How to index and store pdf file in elastic search using spring boot?

Yes I have gone through that documentation. In that I came across the creation of pipeline using PUT _ingest/pipeline/attachment. But whatever we are creating or inserting is done via kibana or postman.But I would like to create pipeline via my java code.

I also have one more doubt.As u mentioned ingest plugin is used to extract the info from pdf, but here my main concern is to store the files into elastic search

The documentation is here: Create or update pipeline API | Java REST Client [7.17] | Elastic

Well. I'm always hesitating doing that. Elasticsearch is not ideal to store big binary blobs. So I'd say that it can be ok if the size of your documents is limited to say 10kb.
If you are planning to store mega bytes of documents, that's another story.

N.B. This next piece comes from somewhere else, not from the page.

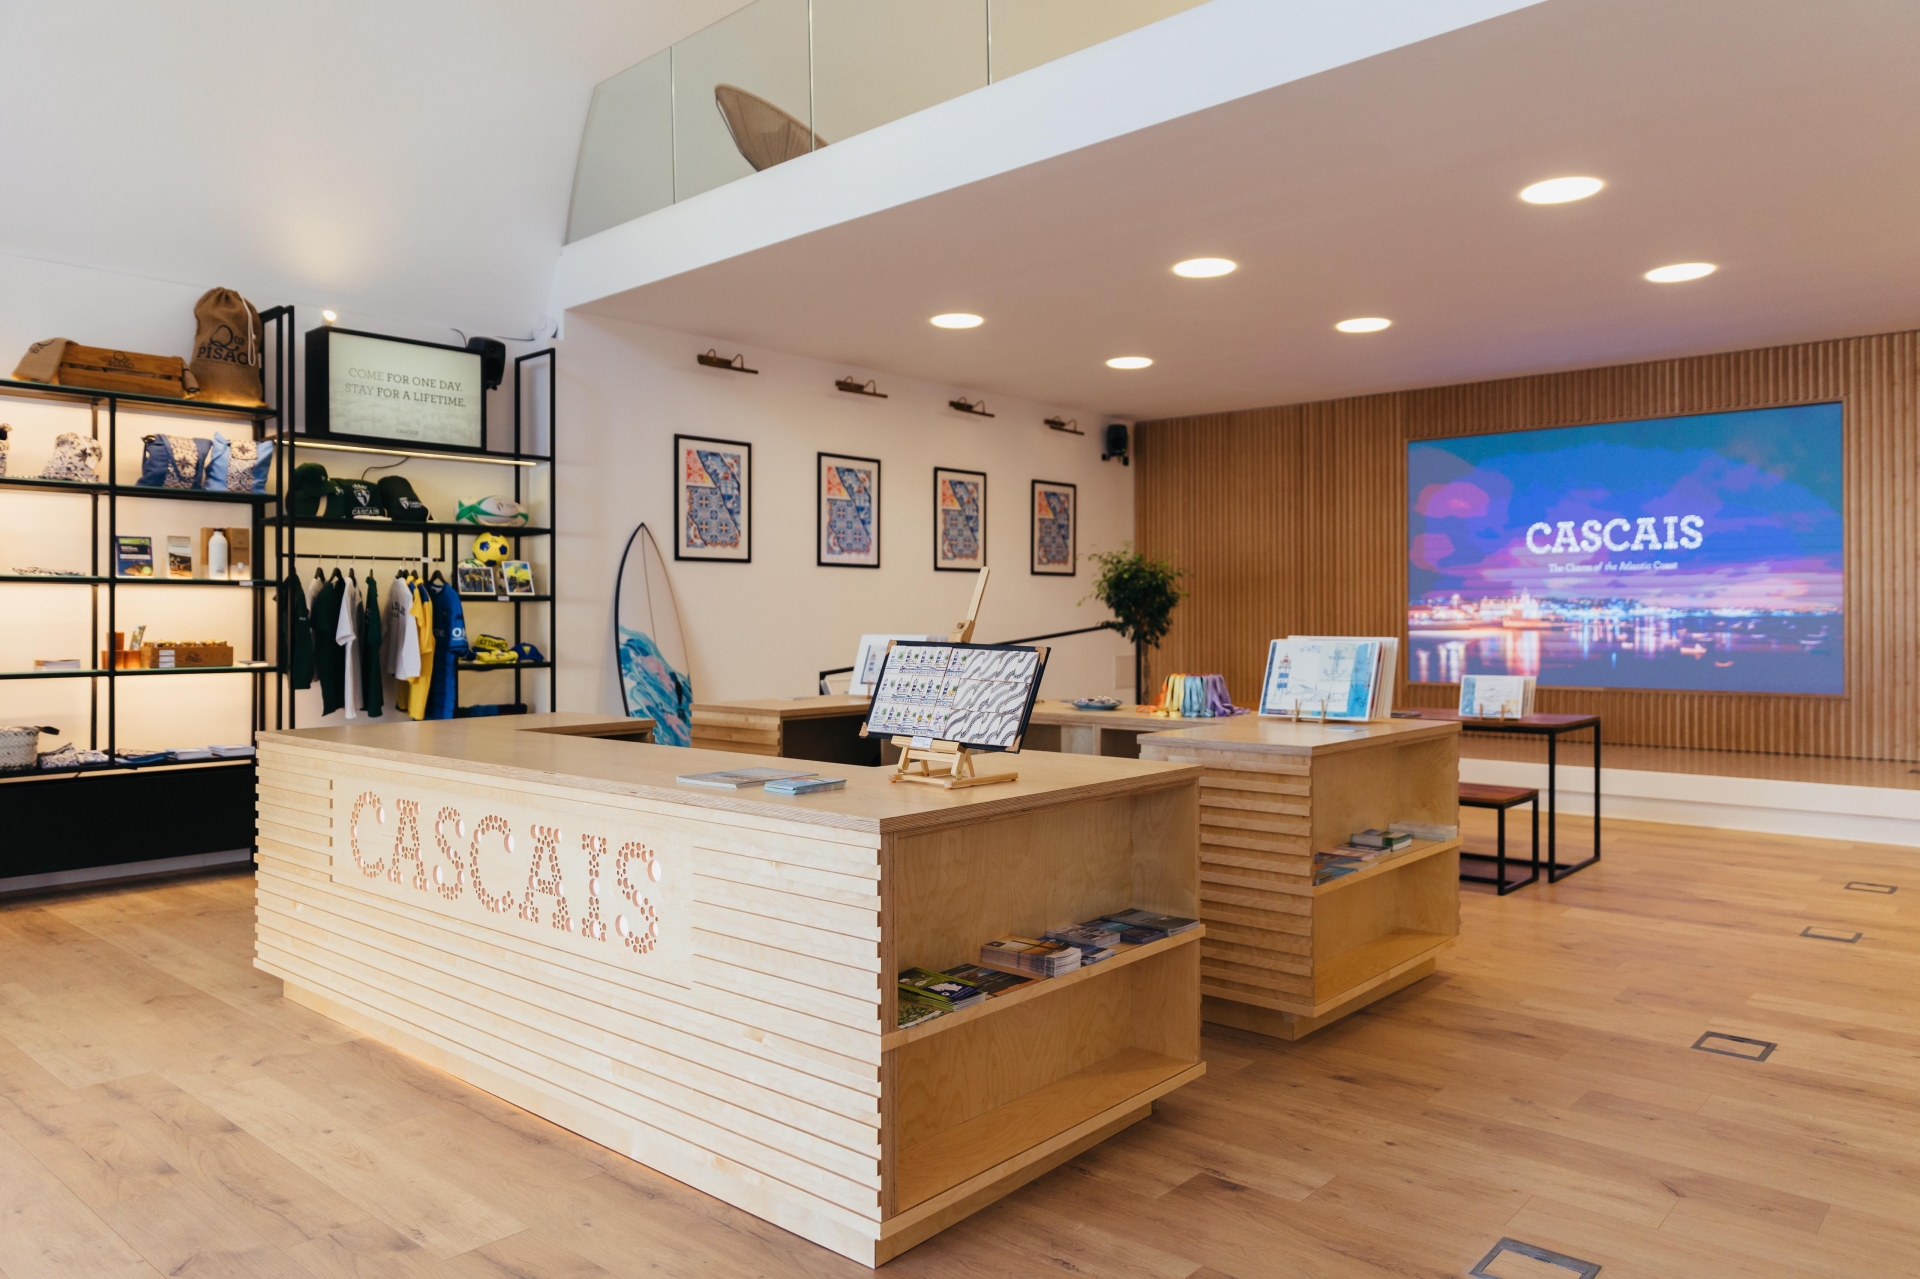 The country's first Visitor Center with coworking space reopened in Cascais

It comes with a lot of costs. Like the network bandwidth when you are going to fetch the 10 top relevant results. 1mb * 10 equals 10mb for each search response...
You need to think about it...

I prefer storing the binary in another datastore or on a file system and just index in Elasticsearch the extracted content and the metadata.

1 Like

Okay thanku so much for ur time

Our file size would be max 130kb. So can we store them by using ingest plugin?

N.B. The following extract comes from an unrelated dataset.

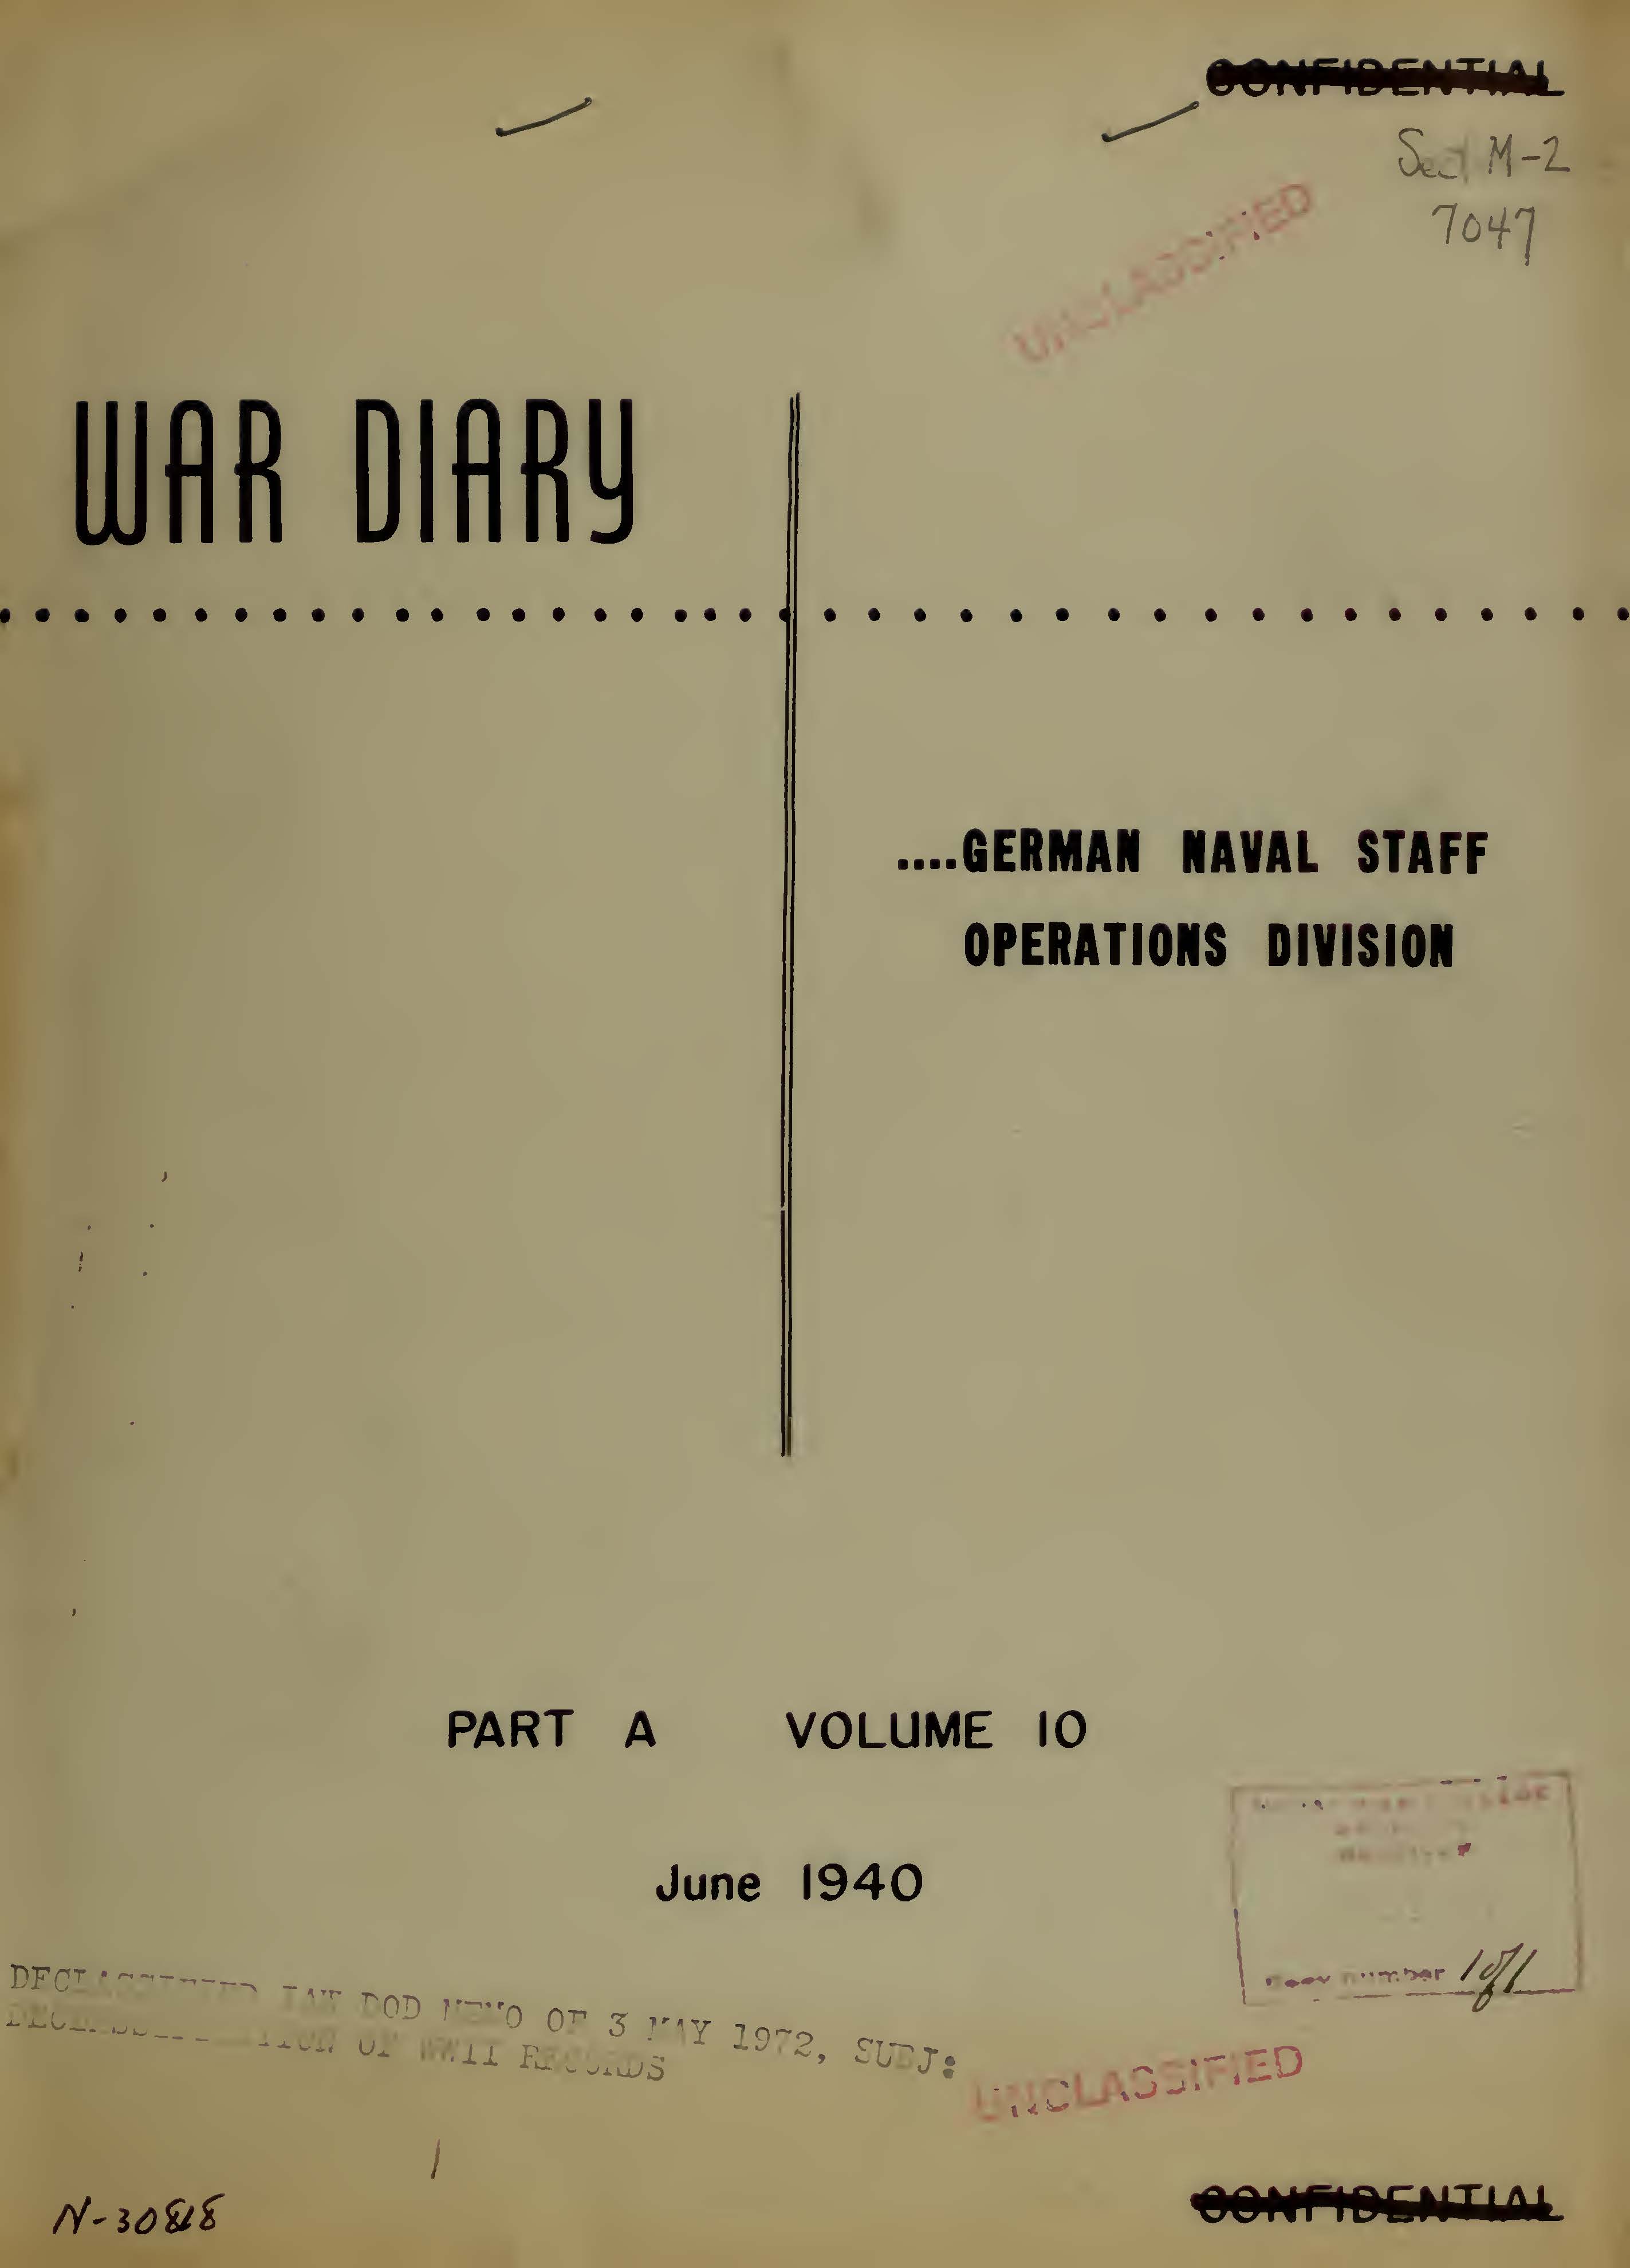 War Diary of German Naval Staff (Operations Division) Part A, Volume 10, June 1940

Sounds like possible to me.

but note that there is no relationship between "storing" the binary in elasticsearch and indexing its content in elasticsearch.

Yon can do:

  • index content (with the ingest attachment plugin)
  • store the file
  • index content (with the plugin) and store the content

So it depends on the use case I'd say.

I dont want to index the content. I would like to index the file. Can we store direct file into ES?

What does mean "index the file"?

Indexing and storing are different things.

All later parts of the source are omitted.